Figure 1 - File Sampling & Creation with Pandas
Figure 2 - File Input & Verification with Pandas
First off, with Gigasheet we don't need to sample the input file. We don't even need to download the file locally and unzip it before importing it to Gigasheet. We can copy and paste the file's URL into Gigasheet's link import function, and Gigasheet does the rest. The file we will analyze in Gigasheet contains 22 million lines (as opposed to 300k analyzed with Pandas).
Figure 3 - File Upload & Verification with Gigasheet
Data Summarization and Types
Next, the lab instructs you to run a describe() function to obtain a numeric summarization of all numerical columns and a dtypes function to see the type of information stored in each column.
Figure 4 - Data Summarization and Types with Pandas
How do we do the same in Gigasheet? We open the uploaded file to see all the columns and rows. That's it!
Figure 5 - Data Summarization and Types with Gigasheet
Next, the lab directs you to change the ts (timestamp) column to a readable date-time format. The timestamp in Bro files is in Unix time format, which is difficult for humans to discern. In Pandas, you change the ts column format using the to_datetime() function. However, the lab instructions do not specify how to select a time zone. It then uses the describe() function again to verify that the format conversion was successful and removes the original ts column from the data frame.
Figure 6 - Convert Column Types and Remove Columns with Pandas
In Gigasheet, we apply the Cleanup Unix Time to the ts column (or column labeled A in Figure 7) and select a timezone, which creates a new column with the desired time format and zone. We can then uncheck the ts column to remove it from view or delete it forever.
Figure 7 - Convert Column Types with Gigasheet
Next, the lab instructs you to run several functions to select all the rows that contain SSL traffic and identify unique originator bytes values. It does this in three steps using conn_df and conn_df.head functions.
Figure 8 - Row Selection in Pandas
In Gigasheet, we can apply a filter to the service column to look for all values matching SSL and then group by the origin_bytes column to see all the unique originator bytes values.

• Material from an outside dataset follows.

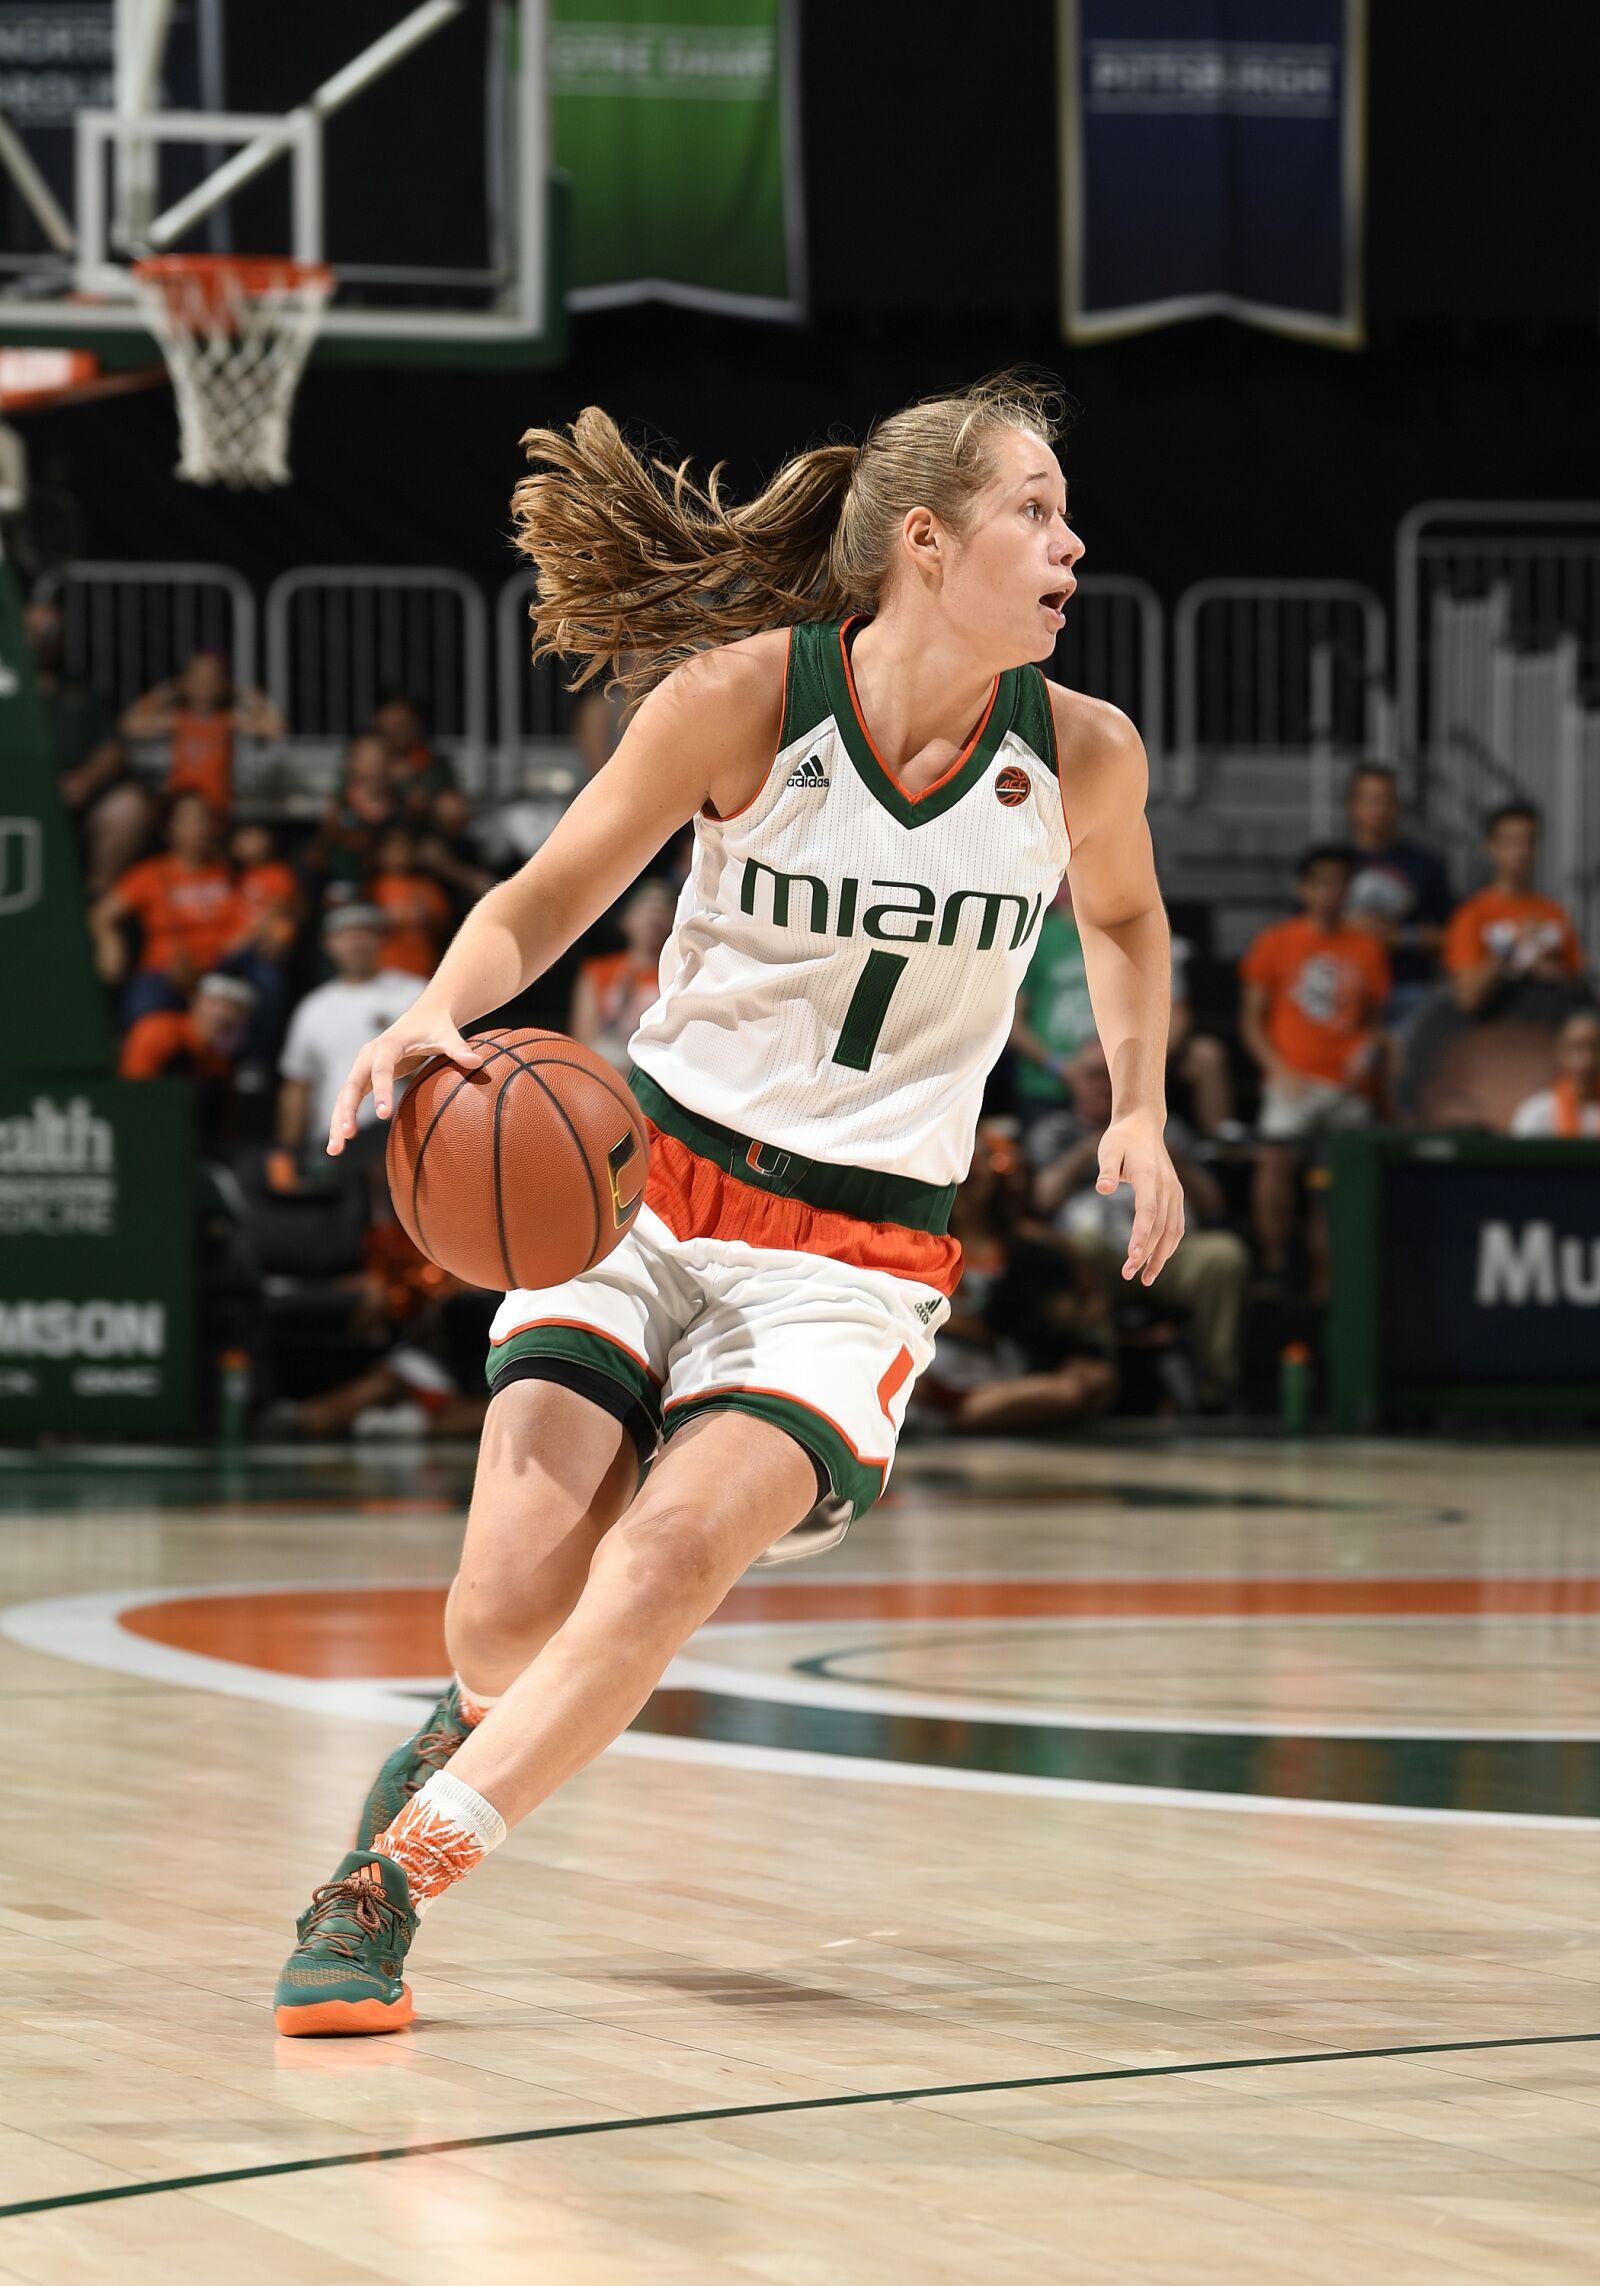 WNBA Draft: Miami's Cornelius foregoes final year of eligibility to pursue pro career

We can even sort in ascending or descending order with one click.
Figure 9 - Row Selection in Gigasheet
For the final exercise, the lab challenges you to use all the techniques described to find the unique source ports and IP addresses associated with all HTTP connections over any ports other than 80. It even gives bonus points for the number of connections for each source IP address.
In Gigasheet, we can apply a filter to the service column to look for values equal to HTTP. We can then use a second filter on the id.resp_p column (or responding host's port) to look for values NOT matching port 80, which will display all HTTP connections over any port except 80. To find all unique source ports, we can group the connections by the id.orig_h column (or originating host's IP address), and lastly, we can re-group by the id.orig_port column (or originator's source port) to find all unique source ports.
Figure 10 – Final Exercise in Gigasheet